Risks don’t always lead to rewards for Jays against Huskers, but they keep playing ‘fearless’

“One of the things we talked about coming in was being free to take a lot of risks — and I thought they did,” Creighton coach Kirsten Bernthal Booth said. “Some of it was fruitful. And other times it wasn’t.”

LINCOLN — Creighton undoubtedly had its share of gaffes and miscues that energized Nebraska’s capacity crowd and kept the momentum squarely on the side of the nation’s second-ranked squad at the Devaney Center Friday night.

The Jays (0-1) had a stretch where they couldn’t handle NU’s serves. They stood flat-footed and watched the ball drop due to miscommunication a couple of times. They aimed some swings at the hands of Husker blockers — but missed, and sent the ball sailing high and long.

There were net violations, ill-timed service errors and discombobulated attacks.
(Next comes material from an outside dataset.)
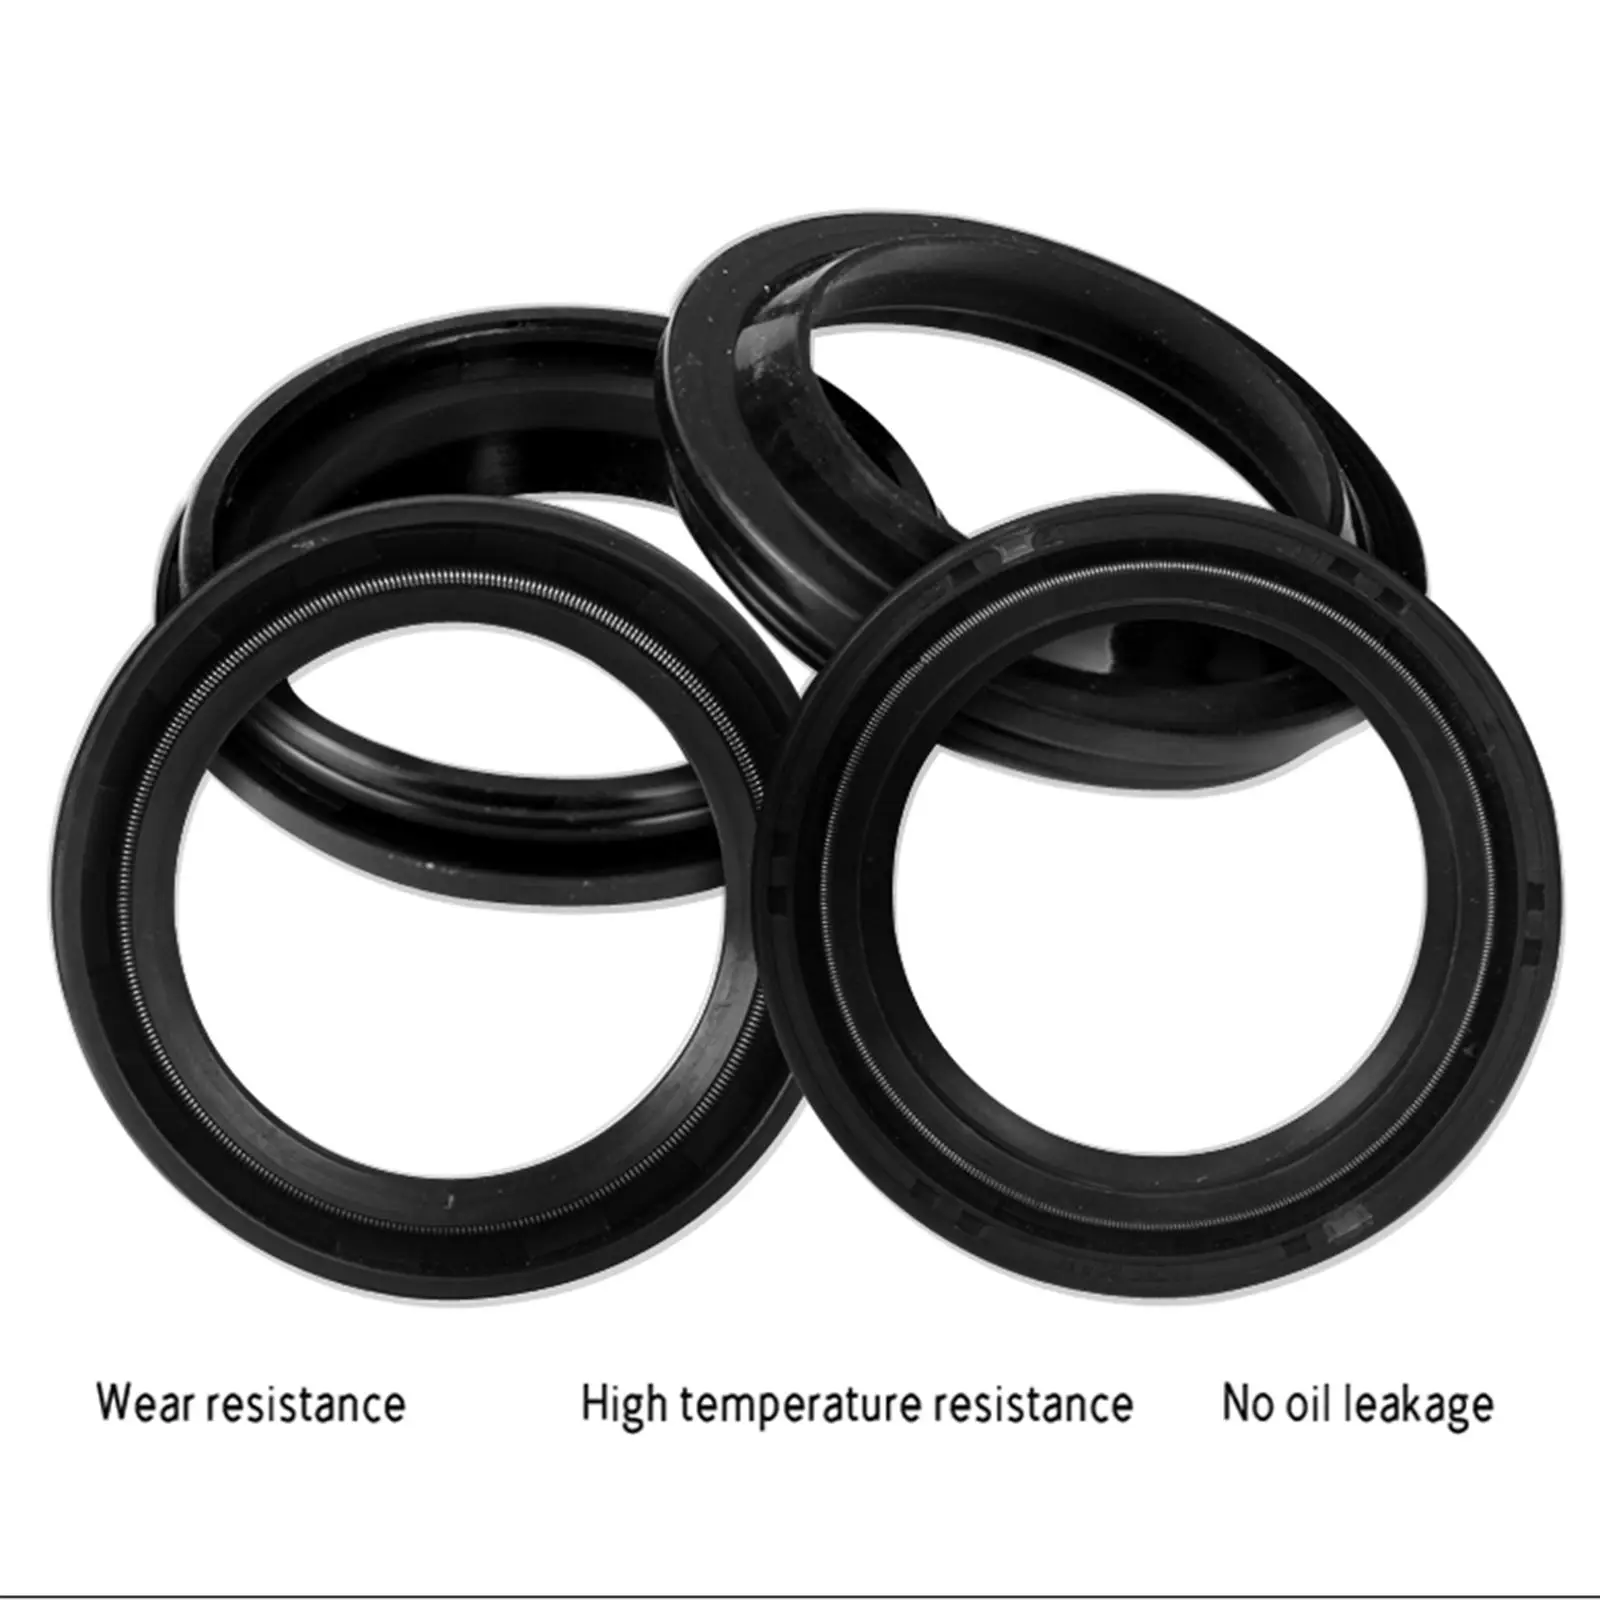 Front Fork Oil Seal and Dust Seal Set Kit 39x52x11mm for 3XV R1 Kawasaki  250 52X39-11

But CU’s players never throttled back.

According to Creighton coach Kirsten Bernthal Booth, there’s something to be said about that kind of persistence, even though Nebraska ultimately earned the 25-19, 24-26, 25-17, 25-21 win. It was the Jays’ 19th straight defeat in the series with the Huskers, who’ve never lost to CU.

“One of the things we talked about coming in was being free to take a lot of risks — and I thought they did,” Booth said. “Some of it was fruitful. And other times it wasn’t.”

The Jays seemed to be at their best in Game 2, spreading the ball around, targeting a variety of gaps within NU’s alignment and perhaps showing what this 18th-ranked squad is capable of when it finds some consistency.

Redshirt freshman Keeley Davis, whose 13 kills were the third-most in a CU debut in program history, pounded a swing off the block and tipped another one in for a point midway through the second set. Then Creighton rode sophomore Jaela Zimmerman for a couple kills.

Junior Naomi Hickman guided one home on the back slide. Senior Megan Ballenger thunderously powered a ball into the floor. Freshman Emily Bressman rose up from the back row and landed a kill between two Husker defenders.

“I think we started talking more about what spots were open,” said Zimmerman, who finished with a career-best 12 kills. “At times, we were kind of quiet. … Just that communication was really important for us.”

Nebraska eventually adjusted.

NU entered Friday’s match unsure about how Creighton would line up, according to coach John Cook. He didn’t have an extensive scouting report on CU’s individual attackers, either.

But he said his players began to familiarize themselves with the tendencies of the Jays hitters as the match progressed, making it easier for the Huskers to get positioned defensively. Their back row in particular responded well, routinely splaying itself out across the court and dazzling the 8,450 fans on hand with diving digs and one-handed rally-savers.

CU kept firing away, though. It just wasn’t sharp enough.

Said Cook: “They were playing fearless.”

That’s what Booth hopes to see more of from her team, starting Saturday against No. 20 Baylor. The Jays will play three additional ranked opponents before league play begins.